The Pacific Northwest Booksellers Association devoted its Fall Tradeshow’s second day to the exhibition hall, a membership meeting, and interludes in celebration of authors and their latest publications. Booksellers voted Soul Jar: Thirty-One Fantastical Tales by Disabled Authors, edited by Annie Carl (Forest Avenue Press, Oct.), the PNBA BuzzBook of the year. Carl is the owner of the accessibility-focused Neverending Bookshop in Edmonds, Wash., and Soul Jar includes a foreword by Hild author Nicola Griffith.
An Authors Over Easy breakfast included presentations by memoirist Maeve DuVally (Maeve Rising: Coming Out Trans in Corporate America, Sibylline Press), who described recovery from alcohol addiction and coming out as transgender in 2019, all while working in media relations at Goldman Sachs: “I had to keep becoming Maeve every day of my life.” Other speakers included novelists with books forthcoming in 2024—Laurie Frankel, Rachel Khong, and crime writer Don Winslow—as well as Garth Stein, who joked that his The Cloven: Book Two, illustrated by Matthew Southworth (Fantagraphics/W.W. Norton), has led readers to ask, “How did the guy who wrote the dog book [The Art of Racing in the Rain] write a graphic novel about genetically modified goat people?”
After breakfast, most attendees proceeded to the exhibit hall, where, thanks to uninterrupted trade floor hours from 9:30 a.m. until 4:30 p.m., booksellers didn’t miss any events while connecting with publishers’ reps and other vendors. At the entrance to the exhibit hall, PNBA invited the American Civil Liberties Union of Oregon to set up a table, and ACLU community engagement director Jackie Yerby fielded questions from booksellers concerned about social justice and the freedom to read.
Judey Kalchick, program manager for the Book Industry Charitable Foundation, was also on hand to support booksellers. Kalchick told PNBA members that BINC has approved and paid 206 grants this year so far (as of the end of July), and gives an average of $2,200 per grant to those in need—an increase over last year’s average grant of $1,730. She told members that monthly donations, customer “roundup at the registers,” and other contributions have resulted in “really great fundraising.”
Membership on the Rise
At the PNBA membership meeting, PNBA board president Lane Jacobson, of Paulina Springs Books in Sisters, Or., told the assembly that PNBA is “at the highest level of membership since 2010.” PNBA executive director Brian Juenemann reinforced this, explaining that “PNBA membership has taken a solid upturn in 2023” as its staff has reviewed the database, followed up with stores whose memberships had lapsed, and connected with startups. As a result, PNBA stands at 157 member stores, seven more than last year.

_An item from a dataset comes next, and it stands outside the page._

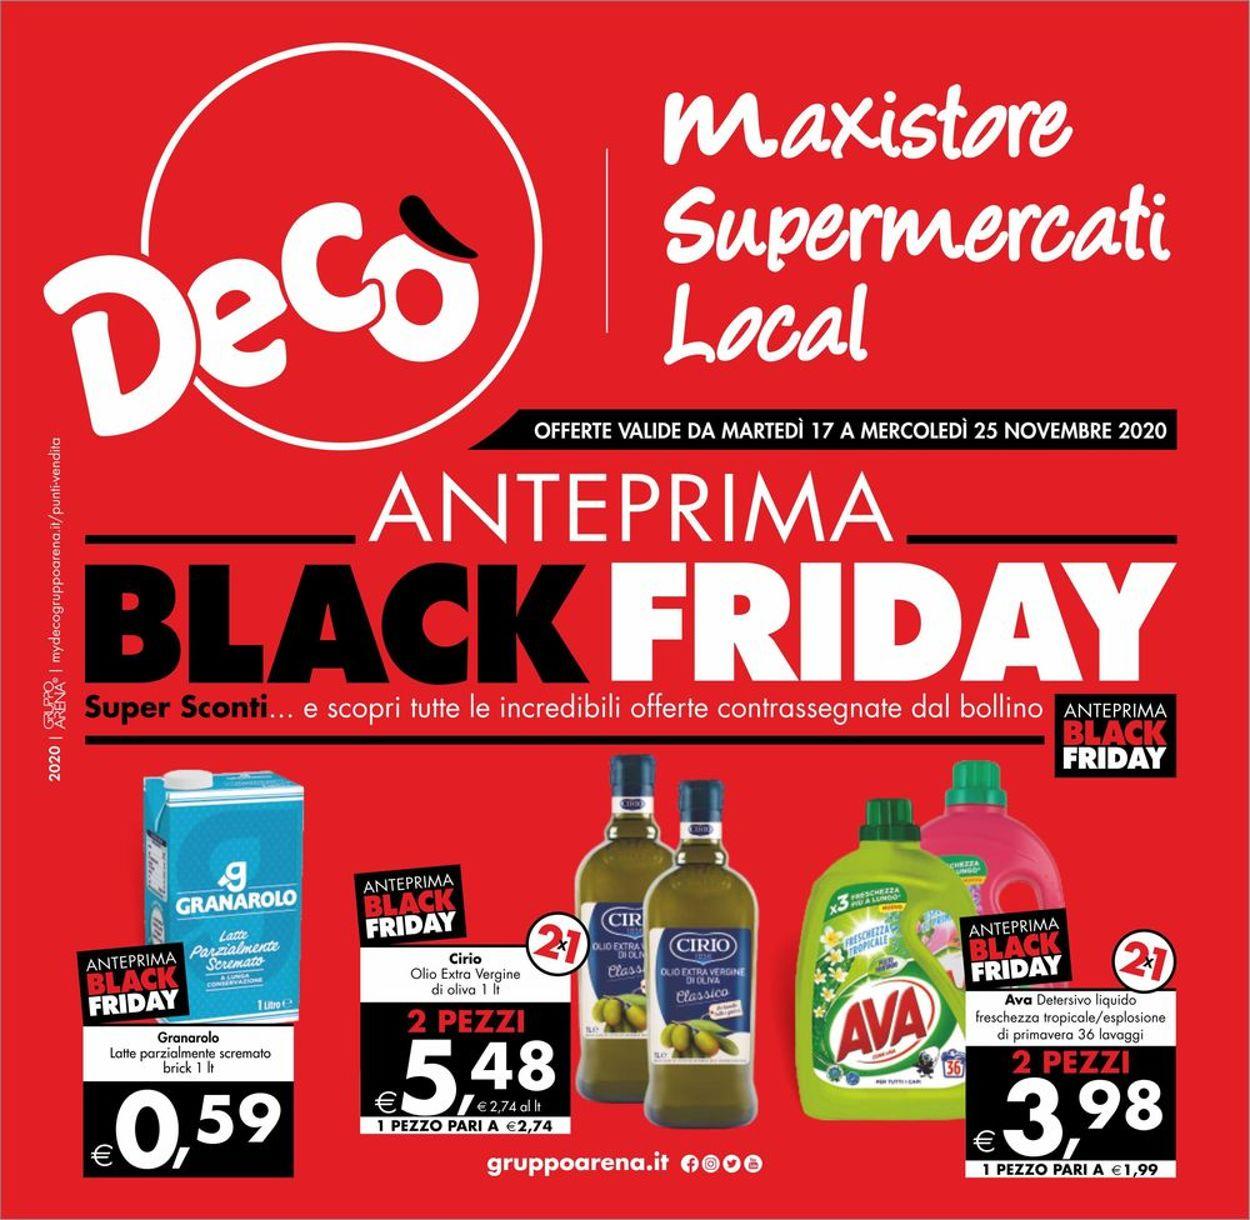 Volantino Deco - Black Friday 2020 - Offerte 17/11-25/11/2020

This engagement brings “a jolt of energy as well as a responsibility” to listen to bookstores with varying priorities, Juenemann said. “Specialty, online, mobile, you name it—these folks are coming to us not just to get on a roster, but to get involved.” He called the membership “our lifeblood” and “fresh fuel” for the organization.
In addition, Fall Tradeshow attendance numbers and exhibitors are rising, with final tallies to be announced in the coming days. “We’re very close to where we were in numbers prior to the pandemic,” said Juenemann. Although PNBA ended 2022 with a slight financial deficit, the organization is optimistic about its holiday catalog—“our biggest revenue maker,” according to secretary-treasurer Melissa DeMotte of The Well~Read Moose in Coeur d’Alene, Idaho.
The organization has also taken a new approach to PNBA Book Awards nominations. “We’re doing a fee structure for the first time ever to add a little value to the program,” Juenemann said, noting that when nominations were free, the committee received so many books that judging proved time-consuming. By “setting a threshold” with the fee requirement—PNBA member organizations pay $50 per nomination and non-members pay $75—PNBA reduced the number of submissions by around 30% and created “an income stream” that stands to reverse past years’ expenses.
A day filled with meetings and discoveries ended with a feast and a cocktail hour. During the Signature Dish, PNBA’s annual dinner event, 16 authors across a plethora of categories gamely visited tables to introduce themselves and their books. Among them were writers for young readers Anne Broyles, Joanna Ho, Vikram Madan, and Liz Rusch, and nonfiction writers Betsy Gaines Quammen, Margaret Renkl, and Elizabeth Rush. Eighteen more authors graced Sweet & Greet, which served as a "literary digestif" with cocktails and conversation, before another PNBA evening wrapped up.